Yes and no. From the design perspectives I agree -- simple and easy to grasp.
>From the user perspectives I have to disagree as that simple design results in
an implementation which has very little value for my deployment.

> I don't think it's always a bad idea to have lazily evaluated objects or
> creative uses of operators, but IMHO if it is possible to do something more
> clearly with the standard order of evaluation and standard use of
> operators and function calls, then that should be preferred.

I hear your dissatisfaction but I am not sure I have enough information to act
on addressing it. We can discuss it further if/when the time comes.

> The interface of the proposed Convert library is not simple enough. To start
> out with the most annoying thing, I don't like "::from" at all. The
> replacement should look as close to lexical_cast as possible.

I'd try distinguishing "not simple enough" and "annoying". The *user* API is
one (!) function -- convert::from -- on one side and *optionally*
convert::result on the receiving side. I really do not know how to simplify it
any further. I personally do not consider changing that "annoying" from() to
something else to be a simplification. So, by "simplification" you probably had
something else in mind and I am all prepared to listen.

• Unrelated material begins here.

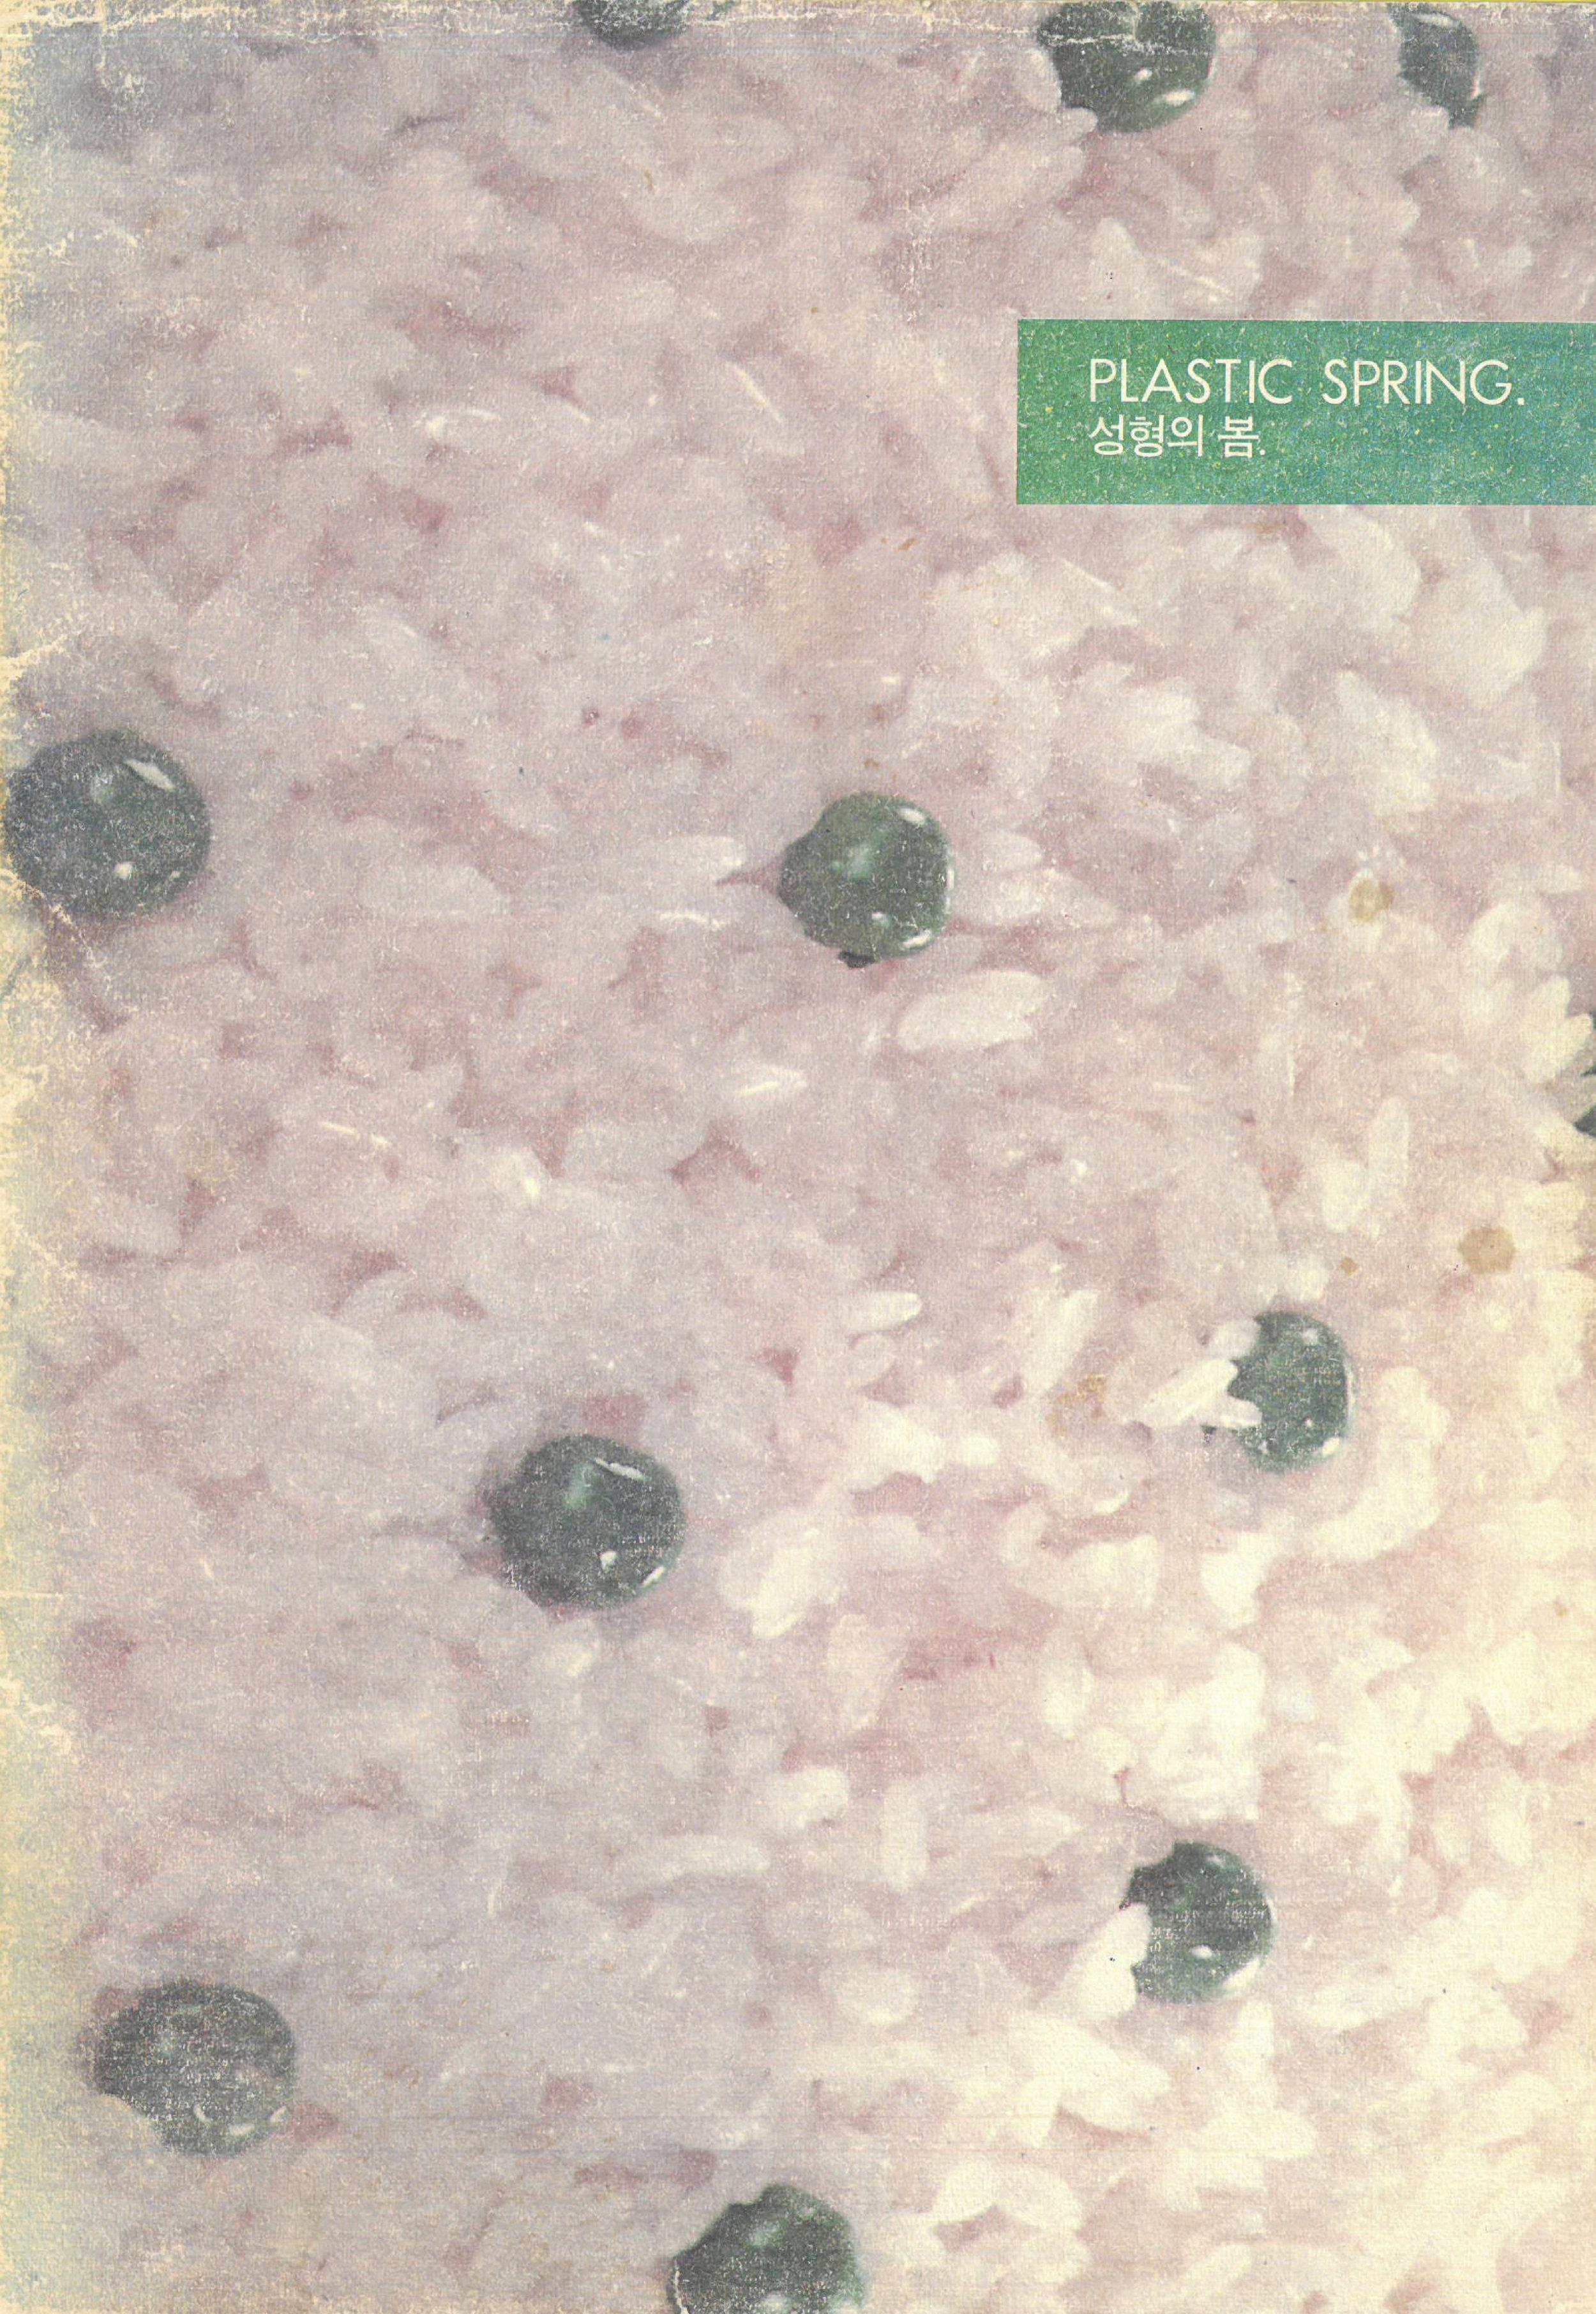 Plastic Spring1.jpg

As for "I don't like "::from" at all", then it's a personal choice and we'll
never get a consensus here. The practical reason for "::from" is two-fold --
1) it clearly shows the direction of the conversion (which's been deemed
important during original discussions); 2) the syntax has to be
convert<TypeOut>::from<TypeIn> (replace 'convert' and 'from' with the
identifiers of your choice), i.e. two types need to be evaluated separately.
Otherwise, various specializations (if there are such) conflict.
That's why the lexical_cast-like API (where both TypeIn and TypeOut evaluated at
the same time) does not work (at least I did not manage it to work). For
example, one might have a string-to-type specialization. Then if one wants to
write string-to-bool, it won't compile as both specializations will match.

> So, why the extra '::from'?

See the (brief) explanation above.

> ... seem to require this weird static member syntax.

I am not sure I am following. What's exactly weird about it (apart from your
personal syntax preferences)? It's the standard C++ syntax, right?

> Is '::from' just so that '::result' will not feel lonely?

:-)

> I really think it should be something like string_convert<T>(s).

We had these discussions when I was writing 'convert'. string_convert<T>(s) is
not good (as far as *I* tried) because it does not indicate direction of the
conversion; it is limited to strings (which is again open for
(mis)interpretation); it has TypeIn and TypeOut evaluated at the same time which
did not work when I tried.

> So, next '::result'. It's some form of optional return.
> So why not just return optional? It is not much less
> to type
> convert<int>::result maybe = convert<int>::from("not an int");
> versus
> optional<int> maybe = convert_cast<int, use_opt>("not an int");

Yes, convert::result does not offer *much* beyond boost::optional. However, it
*does* offer more. That's the reason it exists. Namely, convert::result provides
two pieces of information -- if the conversion failed/succeeded *and* the
fallback value (if provided). boost::optional provides one *or* the other. The
difference might be considered subtle but it's there.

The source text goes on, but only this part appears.